One of the major challenges with analyzing real-time data is running low-latency multi-dimensional queries. Real-time decision-making is extremely critical for business use cases such as Fraud Detection, Anomaly Reporters, order delivery optimizations, and more. The results should also reflect the latest state of the data and not some point in the past e.g. 1 hour ago. For example, imagine you have an online food delivery service connecting restaurants to diners. You can run a query to get the latest locations of all the drivers in a particular zip code. You can then use this information to distribute demand for orders in a more optimized way.

Don’t Worry, Apache Pinot is Here to Help

Apache Pinot comes packed with features for this use case. Pinot allows users to ingest real-time data from different data sources.

Users can run complex queries on top of the ingested data and expect a response within milliseconds thanks to Pinot’s optimized routing and pluggable indices. In addition, Pinot is extremely scalable, fault-tolerant, and provides multi-tenancy out of the box which makes it possible to use it in production-critical workflows. You can check out all the features here.

Kinesis Plugin for Pinot

Developers can implement Pinot’s Plugin interfaces, package the code, and put it in Pinot’s classpath. This allows developers to add new real-time/batch datasources, a custom distributed storage provider, or an efficient data serialization extension. Developers don’t have to compromise with existing choices or execution speed because no code changes are required in Pinot’s core.

Amazon Kinesis plugin for Apache Pinot

We are pleased to introduce the pinot-kinesis plugin to process data from Kinesis streams. It allows users to ingest data from Kinesis with just a few lines of configuration and zero code changes.

Let’s start with an example demonstrating how you can set up a Kinesis table in Pinot.

Analyzing Github events with Pinot

We’ll be using Amazon Kinesis to collect event data from GitHub’s public REST API. We chose GitHub events because it is a publicly available constant stream of events. It also provides us with interesting relatable insights about open source projects. Then we will use Pinot to run analytical queries on the aggregate data model that resulted from records stored in the Kinesis stream.

Github event analysis with Apache Pinot

Create Stream

Let’s first create a Kinesis stream with 3 shards.

aws kinesis create-stream   --stream-name pullRequestMergedEvents  --shard-count 3

Create Schema

We will be combining information from the PullRequests API along with the information from Commits, Reviews, and Comments API. This results in a neat table with all the necessary information in a single row.

Table with information from the PullRequests API and Commits, Reviews, and Comments API

The final schema will look like this.

Create Table

Our next step is to create a table in the database. We need to create a config for our table which tells Pinot from where to consume the data, the decoder to use for parsing data, schema to be used, and other details. For our use case, we will be using the Table config provided here.

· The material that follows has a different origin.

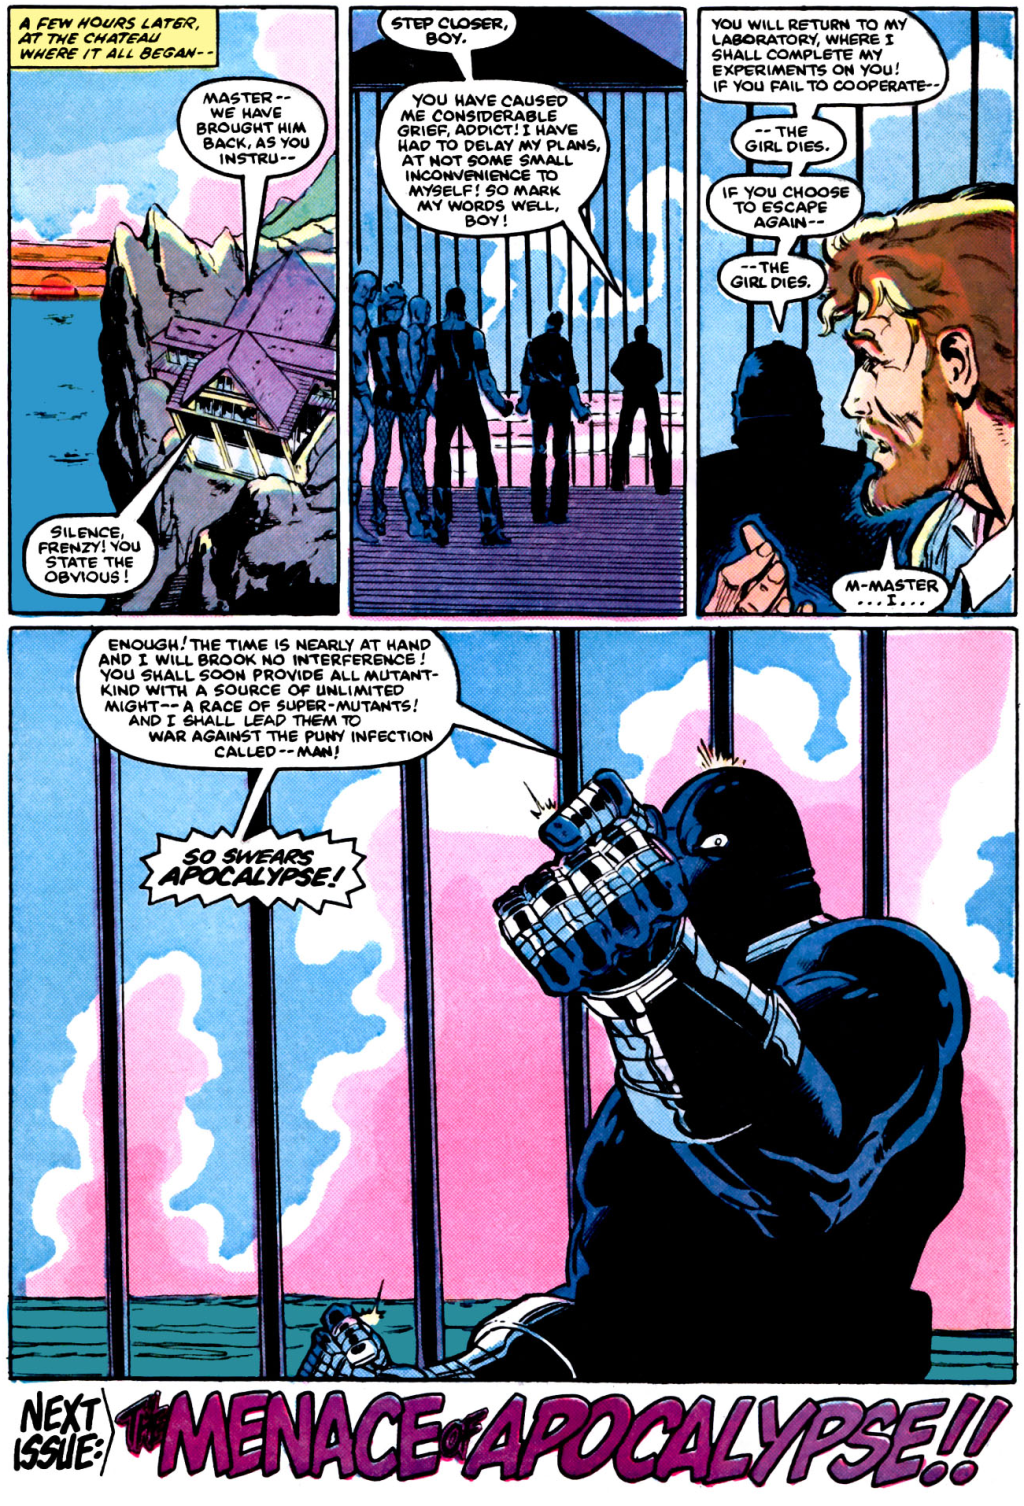 Apocalypse makes his comic book debut in X-Factor Vol. 1 #5 "Tapped Out" (1986), Marvel Comics. Words by Bob Layton, art by Jackson Guice, Josef Rubinstein, Petra Scotese, and Joe Rosen.

Let us understand a few key Kinesis parameters mentioned in the config:

region – Set this value to the AWS region in which your Kinesis stream is located
shardIteratorType – determines the initial start position of the stream. Can be one of TRIM_HORIZON, LATEST, AT_SHARD_ITERATOR, AFTER_SHARD_ITERATOR
accessKey (optional)- the access key for your AWS account
secretKey (optional)— the secret key for your AWS account

The Kinesis plugin in Pinot uses the AWS credentials from the machine on which it is running or from the environment variables. Users should not provide AccessKey and SecretKey as part of the config in production environments.

We can add the table config and schema to Pinot using the following command –

bin/pinot-admin.sh AddTable -tableConfigFile github_events_table_config.json -schemaFile github_events_schema.json -exec

Publish Data

We will be using the /events API from GitHub. We are going to collect events of type PullRequestEvent which have action = closed and merged = true. For every pull request event that we receive, we will make extra calls to fetch the commits, comments, and review comments on the pull request. The URLs to make these calls are available in the body of the original response from Github.

Since this can sound a bit tedious, we have written a small utility in Pinot to publish these events to any data sink continuously. You can use the following command to push events into the Kinesis topic (command available on latest master)

bin/pinot-admin.sh StreamGitHubEvents -personalAccessToken=XXXXX -topic pullRequestMergedEvents -sourceType kinesis -awsRegion us-east-1 -kinesisEndpoint http://localhost:4566 -schemaFile /Users/kharekartik/Documents/Developer/incubator-pinot/pinot-tools/src/main/resources/examples/stream/githubEvents/pullRequestMergedEvents_schema.json

That’s it! As soon as data starts getting pushed into the Kinesis stream, it will get reflected in Pinot as well.

Querying data

We can use Pinot’s UI to run SQL queries on our data. If you are running Pinot locally, go to localhost:9000 and you should be able to run SQL from the Query Console tab.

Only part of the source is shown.